In recent decades, mental health concerns have garnered significant attention as they emerge as one of the most pressing global public health issues. The prevalence of mental health disorders has been on a steady rise, impacting individuals from all walks of life and transcending geographical boundaries (1). Historically, mental health treatment predominantly focused on individual therapy, which currently accounts for 95% of private practitioners' sessions (2). However, in the wake of increased recognition of the social dimensions of mental health and the powerful impact of community support, the paradigm of mental health treatment has evolved over time. Group therapy and support groups have established as complementary interventions to individual therapy, offering distinct benefits. For example, fostering a sense of belonging and connection (3). In addition, support groups help reduce feelings of isolation and stigmatization, offering participants an environment where they can be understood and validated by their peers navigating similar struggles (4). These groups also offer a unique platform for participants to witness the growth and progress of others, providing a sense of hope and inspiration (5).
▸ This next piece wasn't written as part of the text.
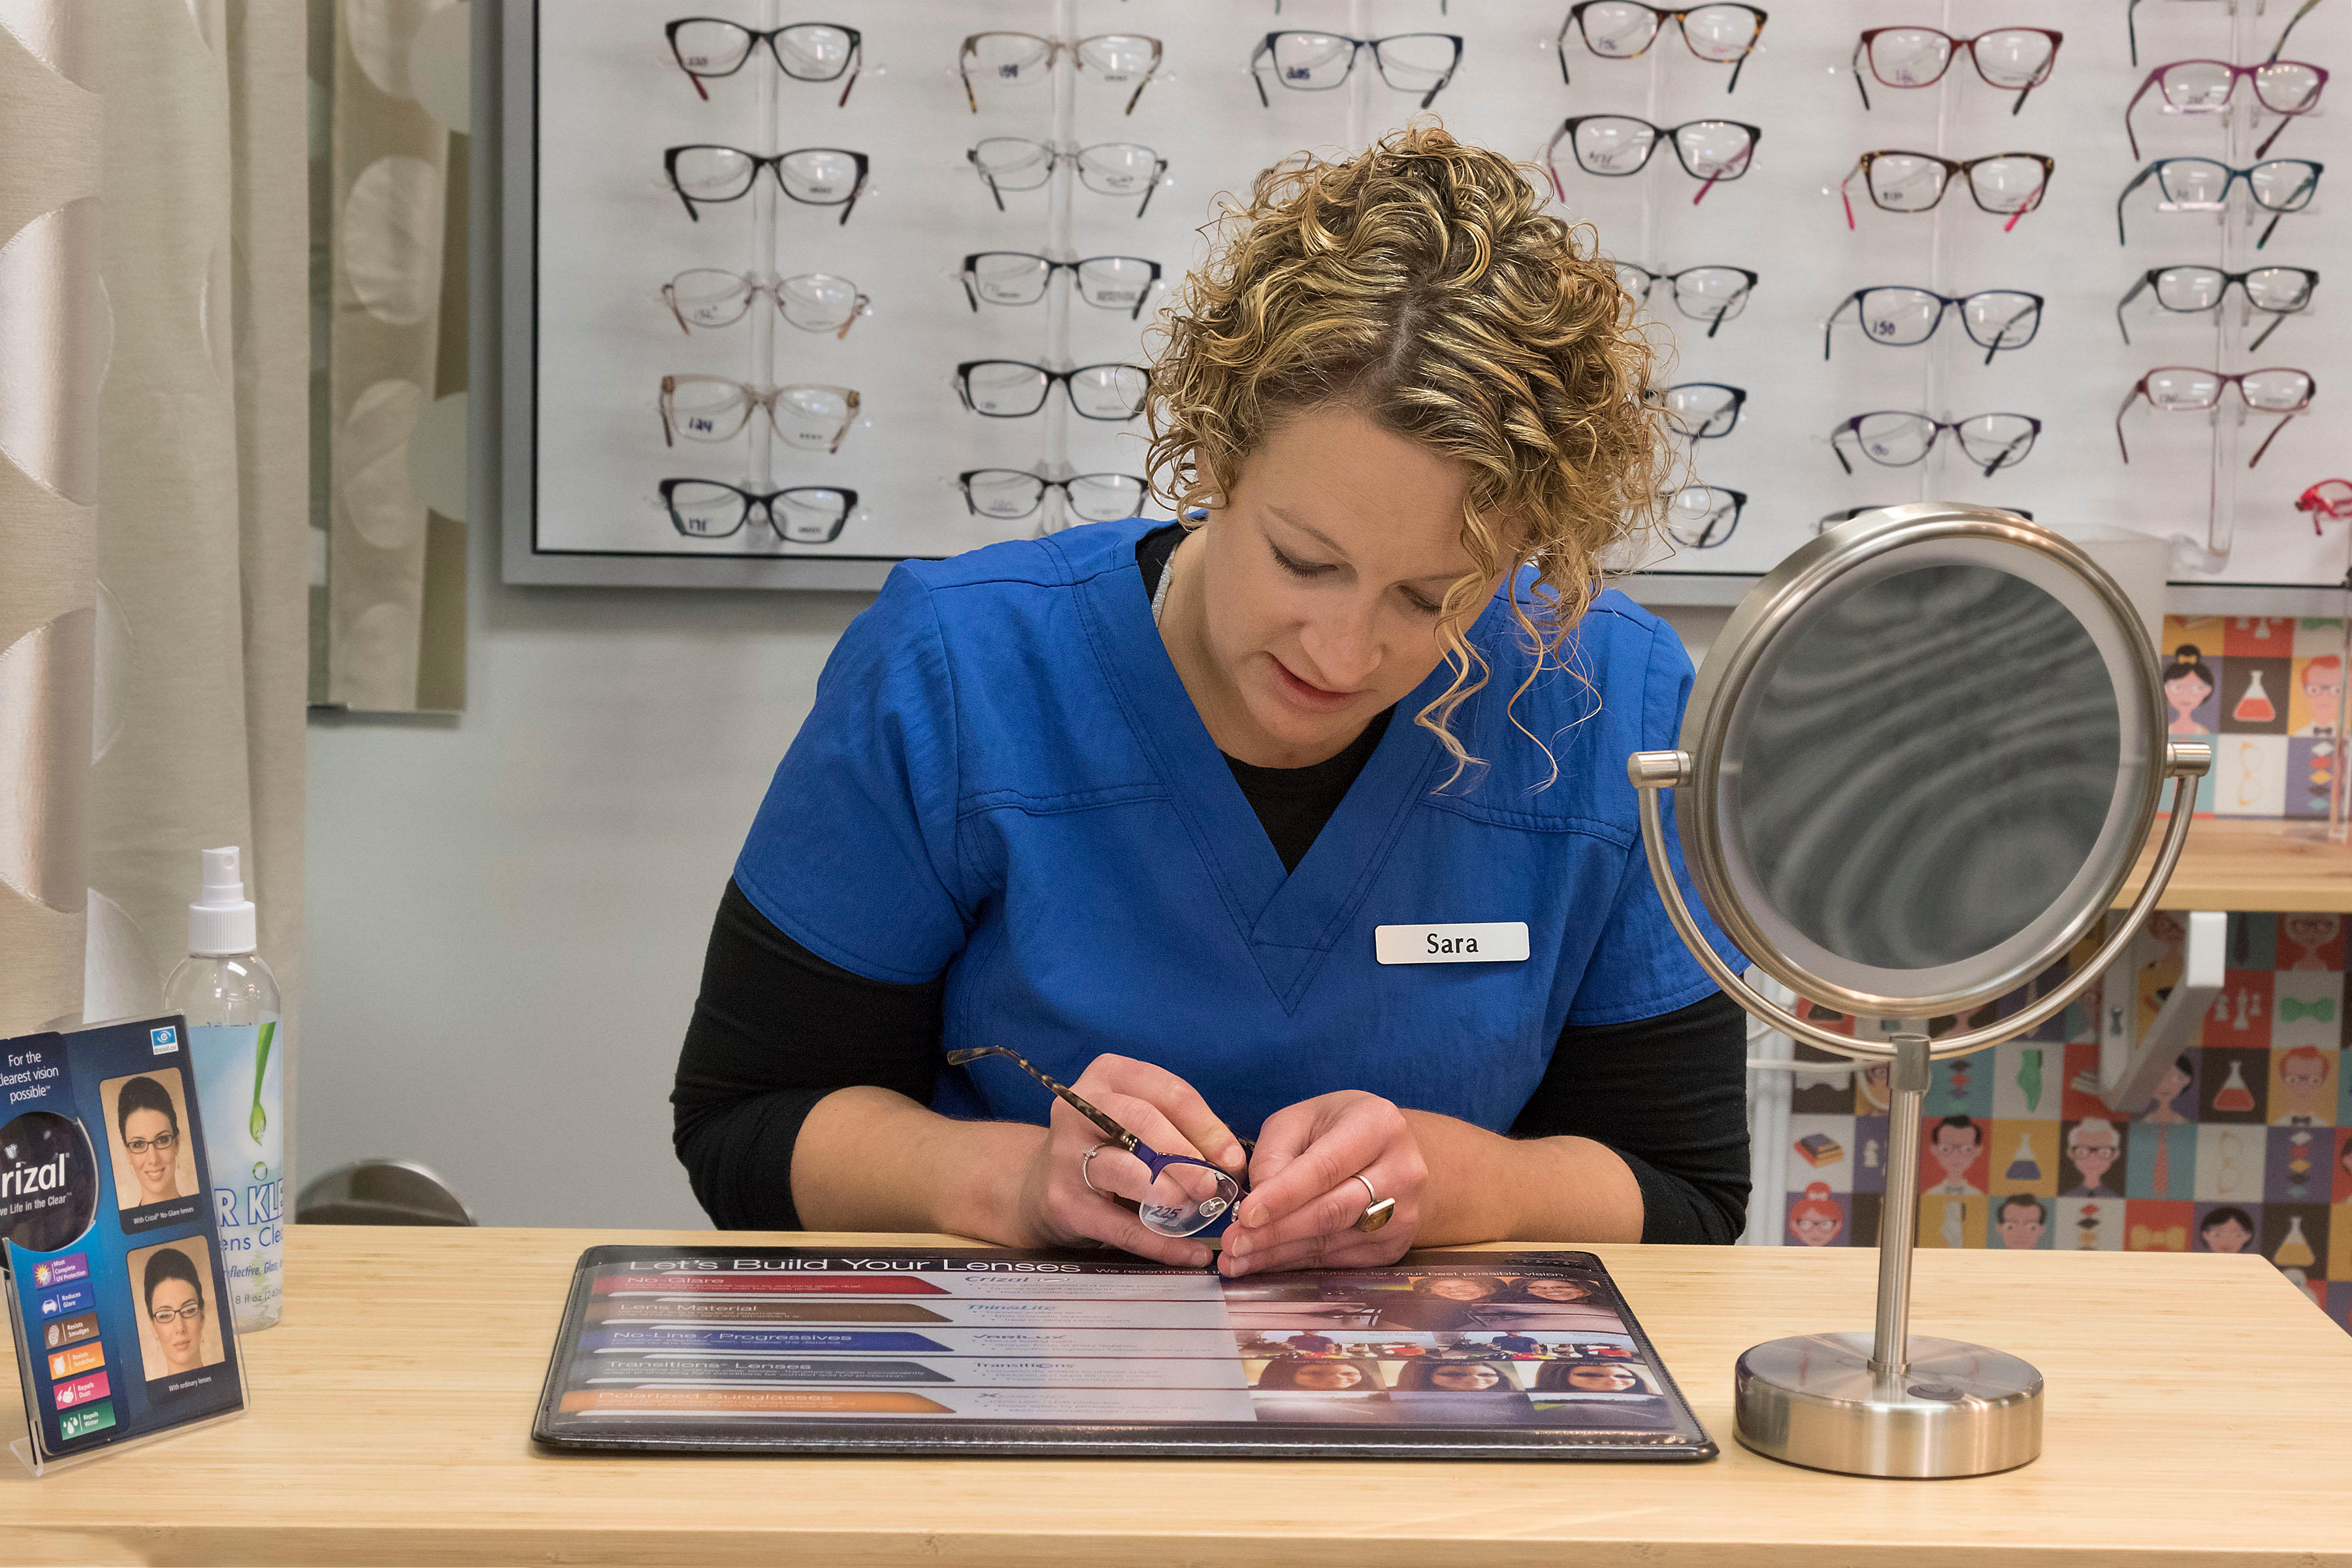 Heart of America Eye Care image 3

The adoption of group therapy for addressing mental health challenges is not without barriers (6–8). Geographical limitations, such as inaccessibility to mental health resources in rural areas, hinder participation. Stigma surrounding mental health may deter individuals from joining group sessions (9). Pandemics and crisis situations pose unique obstacles, necessitating virtual platforms that may be inaccessible to some due to technological limitations. Interpersonal challenges within groups can affect therapeutic efficacy. In certain situations, such as severe mental health conditions, cognitive impairments, or with individuals exhibiting potentially harmful behavior, group therapies may not be immediately feasible or suitable. Cultural and language barriers can also impact communication and trust (10). Addressing these challenges is essential to create inclusive and effective therapeutic environments, fostering collective healing and resilience in the face of mental health struggles.
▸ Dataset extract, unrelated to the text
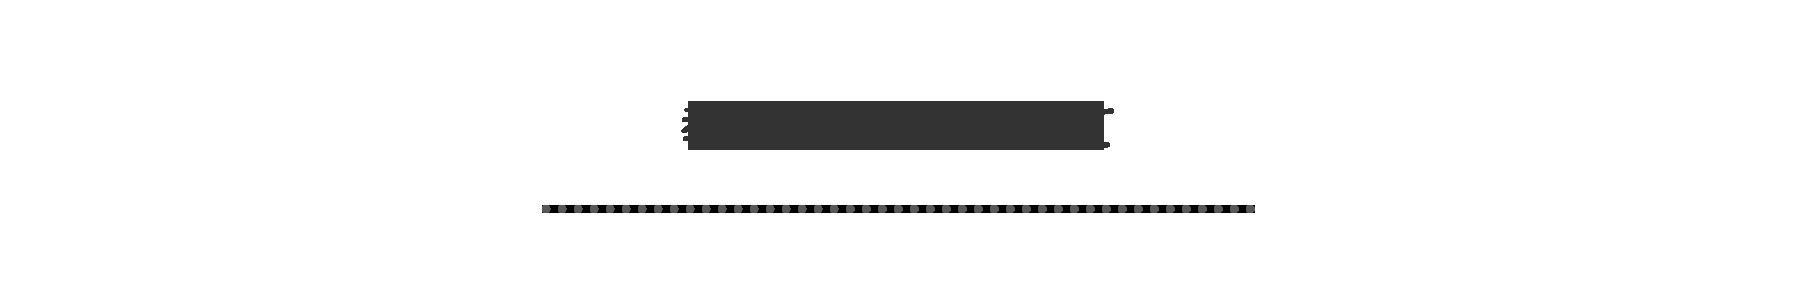 title_教員採用について

Emerging technologies, such as Extended Reality (XR), offer promising alternatives to overcome such barriers. XR refers to a spectrum of technologies that blend the physical and digital realms (11) (see Figure 1). At one end of this spectrum, Virtual Reality (VR) provides users with complete immersion into computer-generated environments, typically achieved through head-mounted displays (HMDs) that block out the physical world. At the opposite end, Augmented Reality (AR), overlays digital elements onto the user's physical environment, but with limited interactive capabilities. Mixed Reality (MR) bridges the gap between VR and AR, allowing users to interact with both virtual and physical elements in real-time and within the same spatial context.

Figure 1

Figure 1. Extended reality continuum [adapted by (12) from (11)].

In this regard, immersive environments are capable of eliciting emotional responses in the person using them (13), making XR-based interventions very useful tools to address different aspects of mental health. Transversal to mental health, emotional regulation (ER) studies how individuals influence which emotions they have, when they have them, and how they experience and express them (14). There is consistent evidence showing the presence of ER difficulties in a wide range of mental disorders, suggesting that emotion dysregulation is an important factor to target in clinical interventions (15). In addition, the social dimension is also very relevant for ER: social interactions and interpersonal relations might elicit different emotional responses or even be used after emotional experiences to help individual's regulation (16). Hence, XR arises as a powerful means to practice emotional regulation strategies in a social and multicultural environment, opening a wide range of possibilities to create immersive and collective therapeutic activities. This manuscript will review how XR technologies can help support emotional regulation practices (Section 2), discuss how MR could provide the basis for a mental health metaverse that addresses ER strategies, its the benefits and potentials (Section 3), and concludes by highlighting how current and future research could help build such an accessible and inclusive mental health metaverse.

2 Literature review

2.1 Supporting mental health in XR through emotional regulation strategies

XR technologies have been widely used in mental health for the past two decades, showing promising potential in helping individuals learn and practice emotional regulation skills. VR and AR are especially interesting as a means to conduct Exposure Therapy (ET). They allow replicating scenarios in a simulated and controlled manner for progressive exposure, making it ideal for exposing patients to a scenario that elicits a specific emotion in them. VR also helps patients who might experience difficulties engaging in visualization-based practices often required when using ET techniques. Related work has explored the use of VR for ET in the treatment of various phobias (17–20), post-traumatic stress disorder (21), or to overcome social phobia (22). VR is also a helpful resource for treating eating disorders, reducing food-related craving and anxiety by gradual exposure to virtual representations of food (23), or using digital avatars to diminish negative body-related emotions in Mirror exposure therapy (MET) (24).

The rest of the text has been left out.